Bishop Matthew H. Kukah, a noted Nigerian advocate for justice, democracy and human development, will speak at the University of Notre Dame on Oct. 29 (Thursday). His lecture, “Religion, Human Development and Democracy in Africa: Lessons from Nigeria,” is sponsored by the Kellogg Institute for International Studies. Free and open to the public, the lecture will be held at 4 p.m. in the Hesburgh Center Auditorium.
A respected scholar as well as the bishop of the Diocese of Sokoto, Nigeria, Kukah has played an active role in Nigerian civil society and is well-known in Africa and beyond as a champion of respectful Christian-Muslim relations.

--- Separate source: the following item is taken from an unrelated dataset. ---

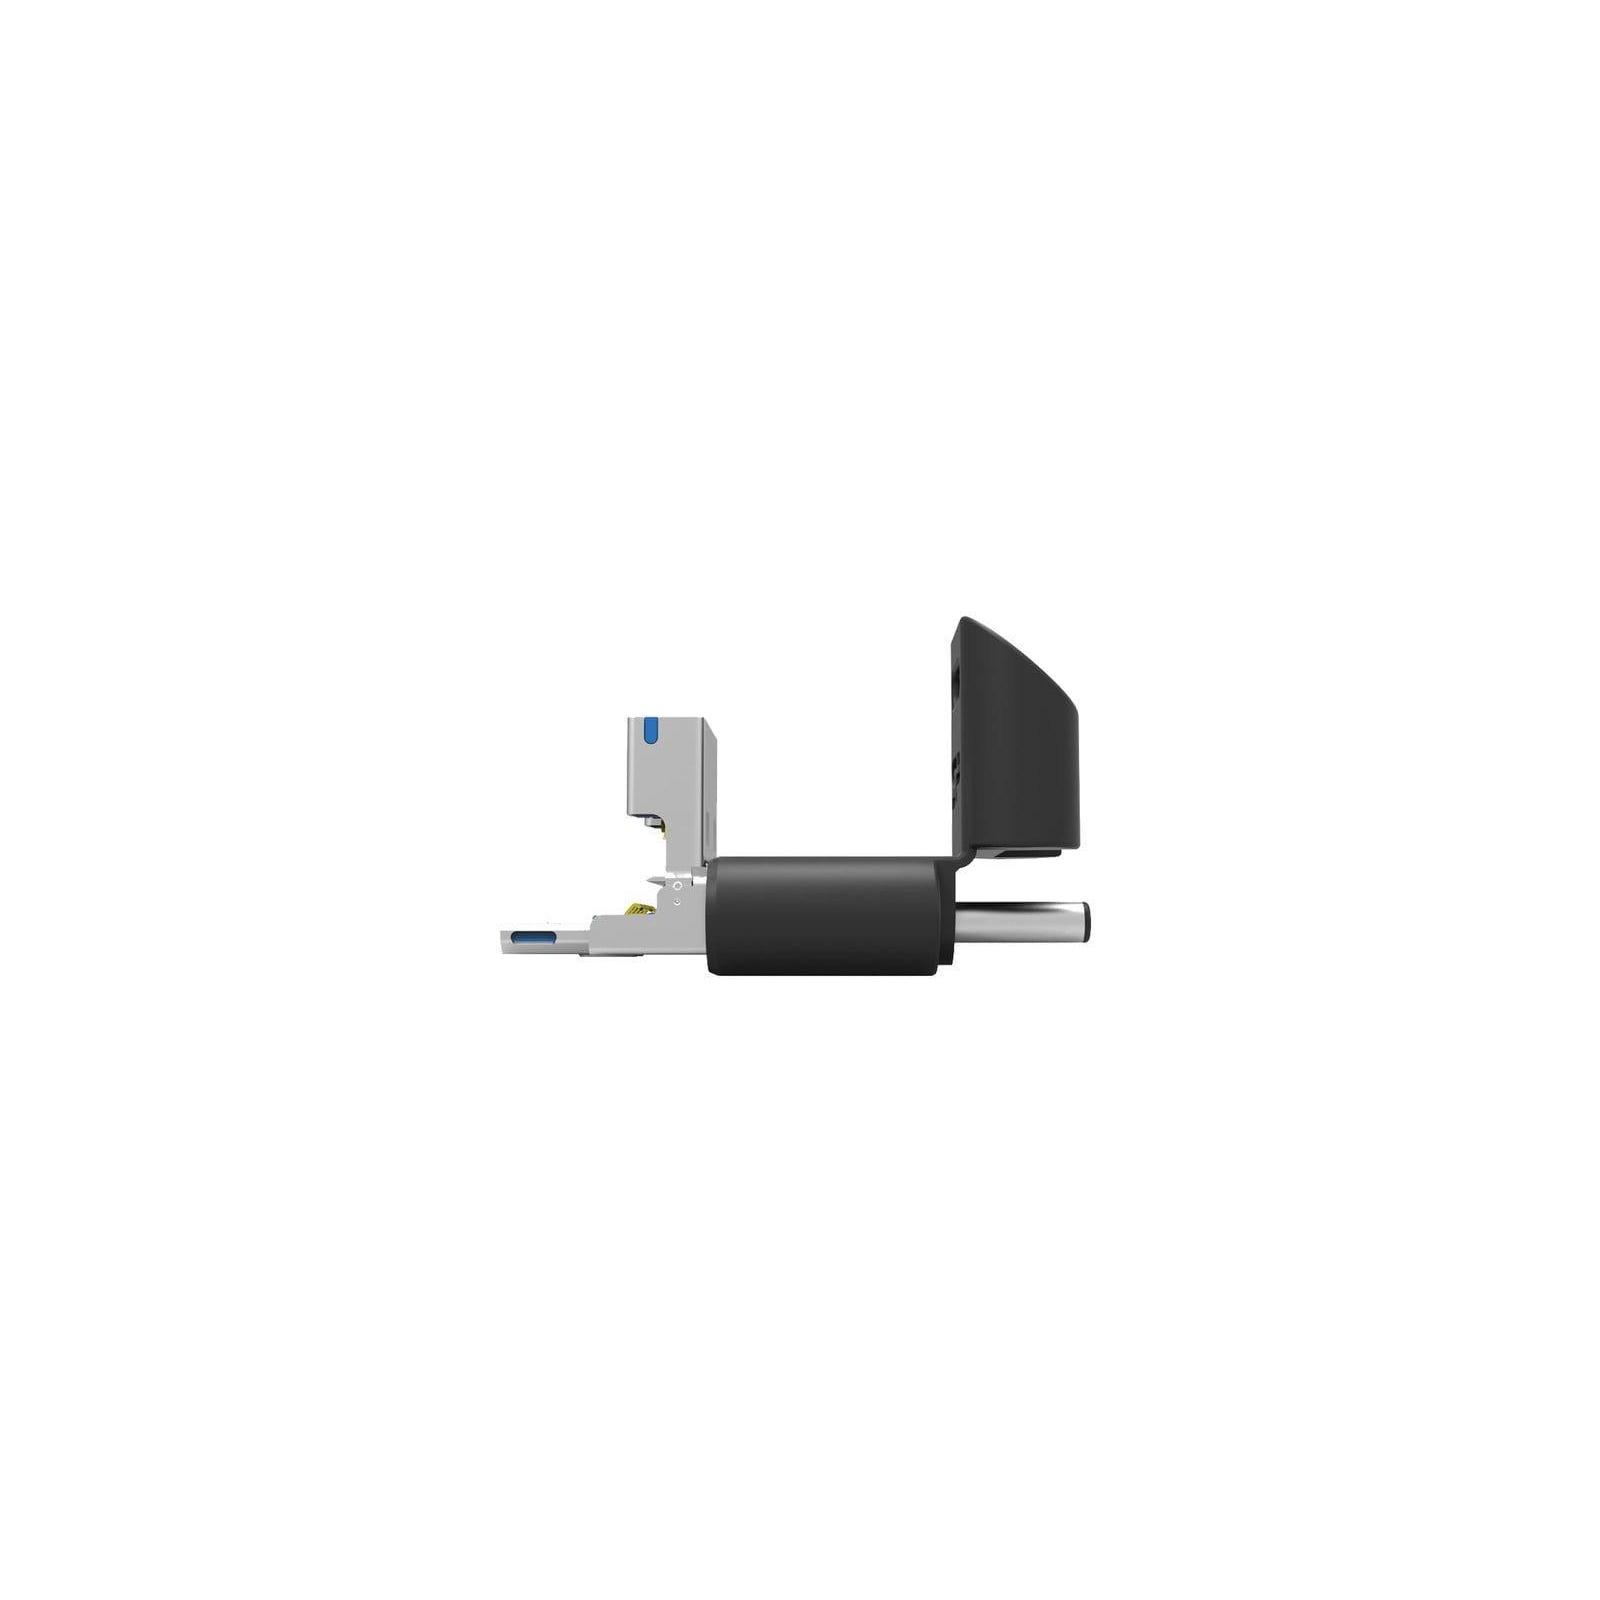 USB флеш накопитель Silicon Power 32GB Mobile C USB 3.1 / Type-C / microUSB (SP032GBUC3C50V1K) изображение 6

He has served on Nigeria’s Truth Commission, the Political Reform Conference for Nigeria and the country’s Electoral Reform Committee and helped to negotiate an end to the Shell-Ogoni conflict in Nigeria’s delta region. He chaired the Committee on Interreligious Dialogue in Nigeria and West Africa and was appointed by Pope Benedict XVI as a member of the Pontifical Council for Interreligious Dialogue.
In his lecture, Kukah will discuss how Christian and Islamic religious institutions and religious beliefs have promoted or inhibited integral human development and how religious institutions or universities might better promote such development.
During his visit to Notre Dame, Kukah will also take part in the panel “Christianity, Islam and Liberal Democracy: Lessons from Sub-Saharan Africa” at 4 p.m. Tuesday (Oct. 27) in C103 Hesburgh Center. He will be joined on the panel by Kellogg Faculty Fellow Rev. Robert Dowd, C.S.C., assistant professor of political science and director of the Ford Family Program in Human Development Studies and Solidarity; Sara Sievers, associate dean for policy and practice in the Keough School of Global Affairs; and Ebrahim Moosa, professor of Islamic studies, Kroc Institute for International Peace Studies and Department of History.
Kukah has written widely on democracy, religion and politics in Nigeria. He holds a Ph.D. in political science from the School of Oriental and African Studies, University of London, and has been a senior Rhodes fellow at St. Antony’s College, University of Oxford, and an Edward Mason Fellow at the Kennedy School of Government, Harvard University.
The Kellogg Institute for International Studies, part of the University of Notre Dame’s new Keough School of Global Affairs, is an interdisciplinary community of scholars and students from across the University and around the world that promotes research, provides educational opportunities and builds linkages related to two topics critical to our world: democracy and human development.